Fernando Belchior é voluntário no Patriarcado de Lisboa desde há quatro anos. Colabora no arquivo documental, onde foi um dos primeiros a iniciar o voluntariado. Hoje são mais de trinta os voluntários a colaborar no arquivo diocesano.

Na sua missão, Fernando faz a inserção em base de dados digital dos documentos dos sumários matrimoniais. “É uma série do arquivo, que começou em 1800 e se prolonga até depois de 1930. É um trabalho moroso – que compreende a higienização, o carimbo da primeira e última página e o registo do sumário no computador –, mas actualmente vamos já em 1850!”, refere, satisfeito, este voluntário.

Fernando Belchior tem 67 anos e é licenciado em Sociologia. Reformou-se há cerca de seis anos e, tal como acontece a muitos recém-reformados, levantou-se a questão: ‘E agora?’. “Temos de preparar a reforma, porque é autenticamente um virar de página”. Fernando começou o trabalho voluntariado assim que se reformou. Por isso, acredita que os recém-reformados que não têm uma actividade voluntária “têm com certeza muito mais dificuldades de adaptação à nova realidade”. Hoje, em tom de brincadeira, garante: “Com o trabalho de voluntariado que faço, passei a ter uma vida ainda mais activa!”.

Casado, pai de três filhos e avô de nove netos, Fernando diz que gosta muito do trabalho voluntário que faz. E a família alinha pelo mesmo sentimento: “Assim o pai está ocupado!”, conta Fernando, lembrando a reacção dos filhos. “A minha mulher até lembrou que não há nada melhor que um homem ocupado!”.

O trabalho voluntariado de Fernando não se fica pelos serviços centrais da diocese.
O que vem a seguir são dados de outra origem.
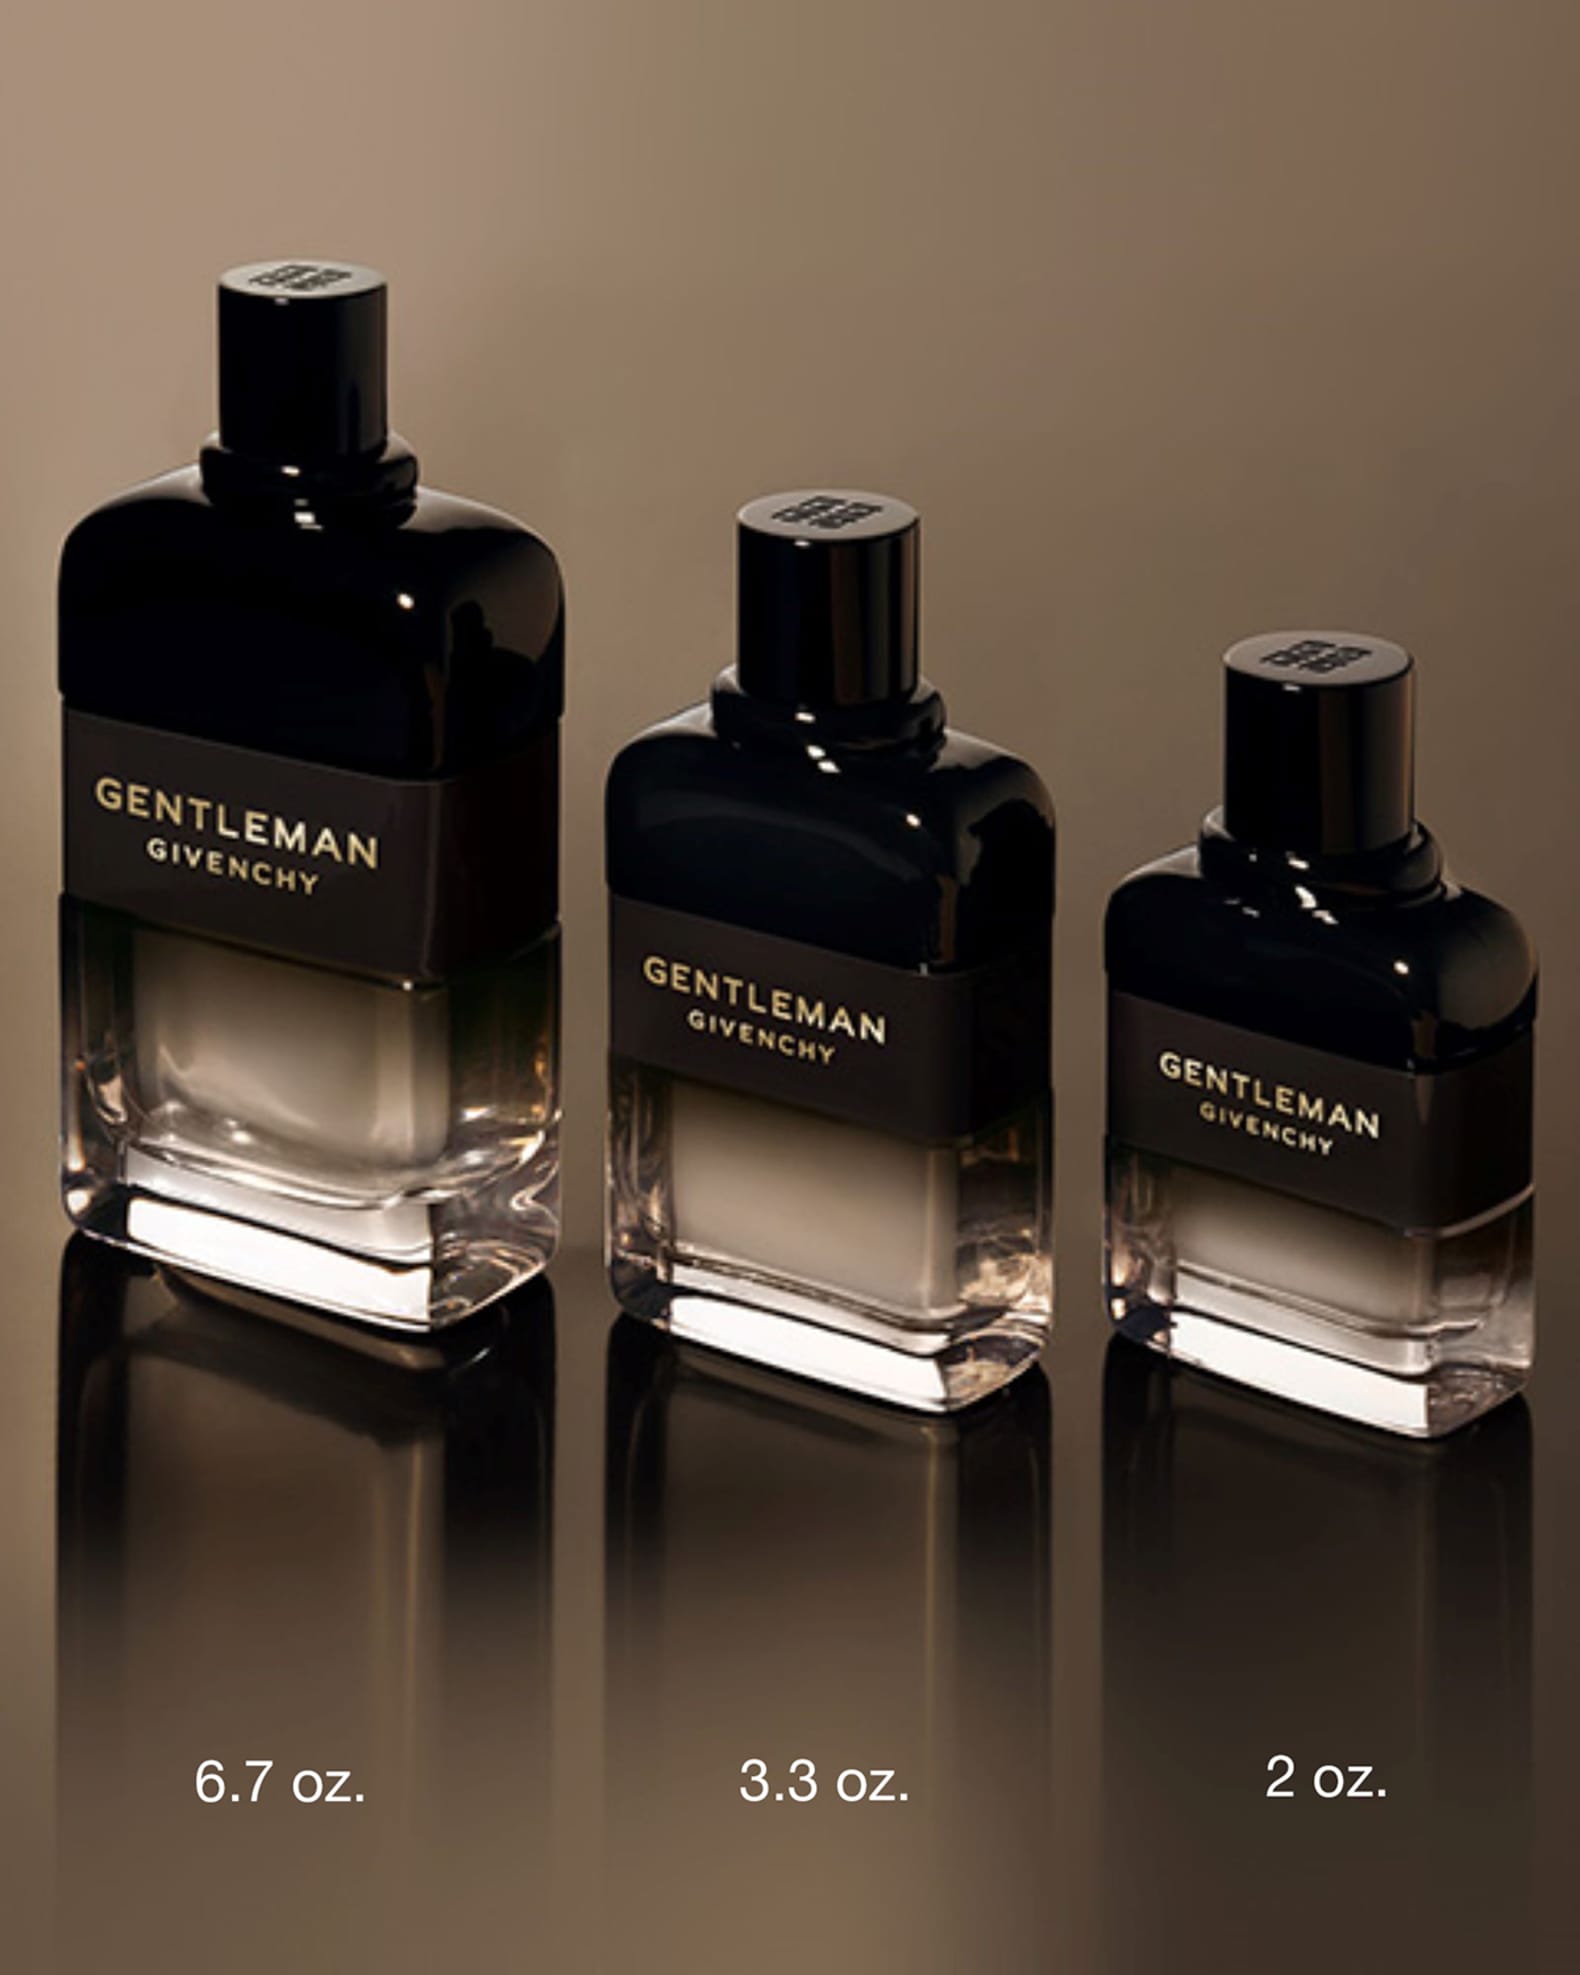 Givenchy Gentleman Boisee 2 Piece Gift Set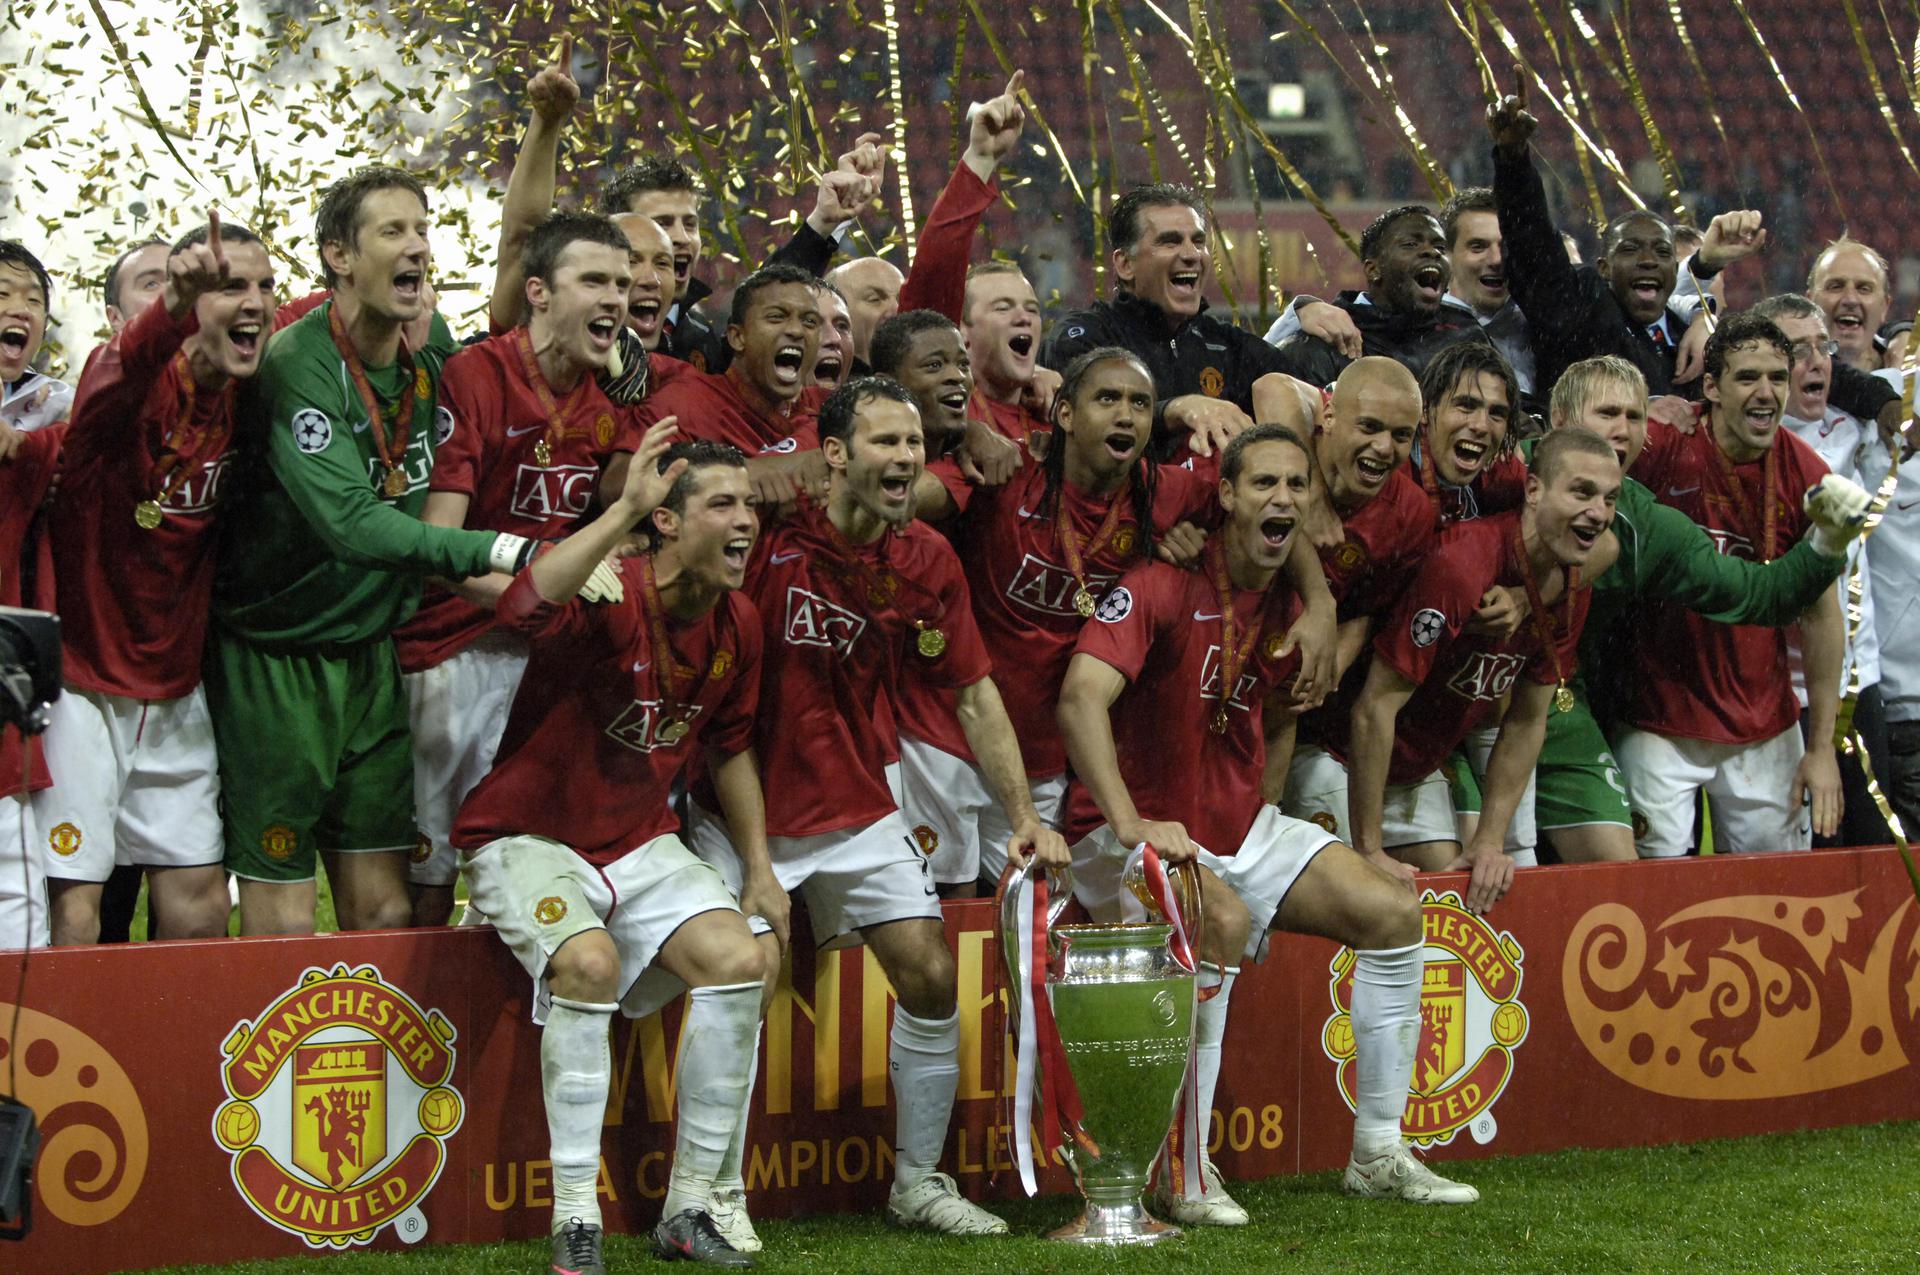 Gallery Champions League final 2008 | Manchester United

A nível paroquial colabora há três anos na sua freguesia de origem, Dois Portos, Torres Vedras. “Em trabalho conjunto com o pároco, padre Ricardo Jacinto, dedicamo-nos a fazer o inventário. É uma paróquia extensa, com peças muito ricas ao nível dos têxteis, sendo que actualmente estamos a fazer o inventariado documental, ao nível da preservação e higienização para futura catalogação”, conta Fernando.

Pertencente à paróquia de Santa Isabel, onde sempre residiu, Fernando Belchior faz questão de sublinhar que realiza “voluntariado cristão, que radica na pessoa e vida de Jesus Cristo”. “É uma questão de serviço”, garante.

Sobre o Ano Europeu do Voluntariado 2011, Fernando acredita ser uma oportunidade para as pessoas entenderem o que realmente recebem com o trabalho voluntário. “Ser voluntário tem exigências. Não podemos ir fazer voluntariado apenas quando queremos. Temos de assumir um compromisso! Temos de nos entregar totalmente! O voluntariado é uma dádiva que não tem a recompensa material, mas outro tipo de recompensa: o sentirmos que estamos a ser úteis”.

 

‘Sê voluntário! Faz a diferença’

A 27 de Novembro de 2009, o Conselho de Ministros da União Europeia (UE) declarou oficialmente 2011, Ano Europeu das Actividades Voluntárias que Promovam uma Cidadania Activa. O objectivo geral é incentivar e apoiar os esforços desenvolvidos pela Comunidade, pelos Estados-Membros e pelas autoridades locais e regionais tendo em vista criar condições na sociedade civil propícias ao voluntariado na UE e aumentar a visibilidade das actividades de voluntariado na União Europeia.